8. Women with reproductive potential (defined as women who are not in postmenopausal dust
for at least 24 consecutive months, ie without menstruation within 24 months of
admission to the study, and women who have not undergone surgical sterilization,
specifically hysterectomy or bilateral oophorectomy) must have a negative pregnancy
test or urine test within 48 hours prior to admission to the study; NOTE: The history
reported by the participant is considered acceptable documentation of hysterectomy,
bilateral oophorectomy, and menopause. Women are considered menopausal if they have
not had a menstrual period for at least 12 months and have had a follicle-stimulating
hormone (FSH) greater than 40 IU/L; if the FSH test not available, they must be in
amenorrhea for 24 or more consecutive months. For women of child-bearing age,
provision is made for using contraceptives as described in research product and
primaquine information. Contraceptives should preferably be used at least two weeks
prior to the start of study drug and continued for least one week after the
discontinuation of any drug from the study. In case the patient reports that she has
not used any contraceptive method in the two weeks prior to inclusion, she may be
included if the doctor discards the possibility of pregnancy;

9. If the patient engage in sexual activity that could lead to pregnancy, women should
use a form of contraception. At least one of the following methods should be used
properly:

Condoms (male or female) with or without spermicidal agent; Diaphragm or cervical cap with
spermicide Intrauterine device (IUD) Hormonal contraceptive Ligation Tubal microimplants i.
Women with no reproductive potential, as defined above, are without the use of
contraceptives.

j. Ability and willingness of the participant or legal guardian to provide free and
informed consent in writing. Children who are able to understand the goals and risks of the
study will sign a consent form.

2. Non-inclusion criteria:

a. Participate in another ongoing clinical trial; b. Signs of severe malaria such as:
recent history of seizures (1-2 within 24 hours), unconscious state, lethargy, inability to
drink or breastfeed, constant vomiting, inability to get up / sit due to weakness; c. Known
hypersensitivity to any of the experimental medicinal products or to any of the excipients
d.

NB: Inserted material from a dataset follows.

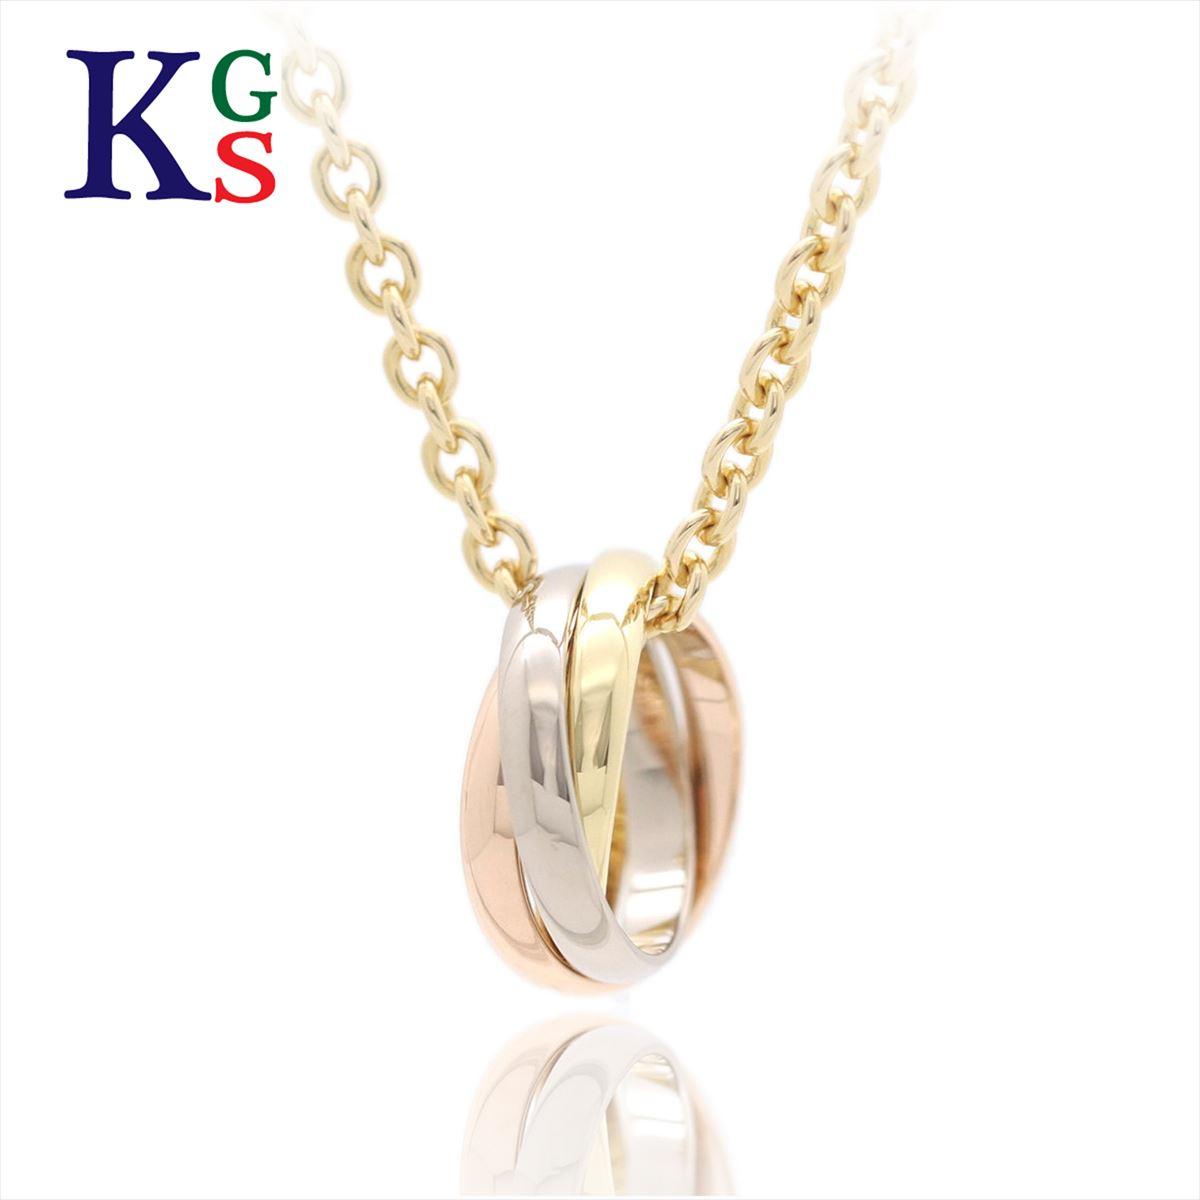 【新古品】カルティエ/Cartier / トリニティ ドゥ カルティエ ネックレス レディース K18YG/イエローゴールド K18PG/ピンクゴールド K18WG/ホワイトゴールド

Evidence or report of ingestion of antimalarial treatment in the 60 days prior to
inclusion; e. Concomitant or underlying serious illness, such as porphyria or psoriasis or
known disturbances of electrolyte balance, such as hypokalemia or hypomagnesemia; f. Liver
function test with ALT> 3x the reference value, which, according to the researcher's
assessment, endangers the safety of the participant;

3. Exclusion criteria:

1. Withdrawal of consent;

2. The researcher's opinion, based on the risk and benefit assessment of the study;

3. Detection of mixed infection by malaria;

4. Women who become pregnant by the 63rd day of follow-up;

5. Women of childbearing age who give up using effective contraception during the first
63 days of follow-up study;

6. Discontinuation of blood schizonticidal treatment for any reason.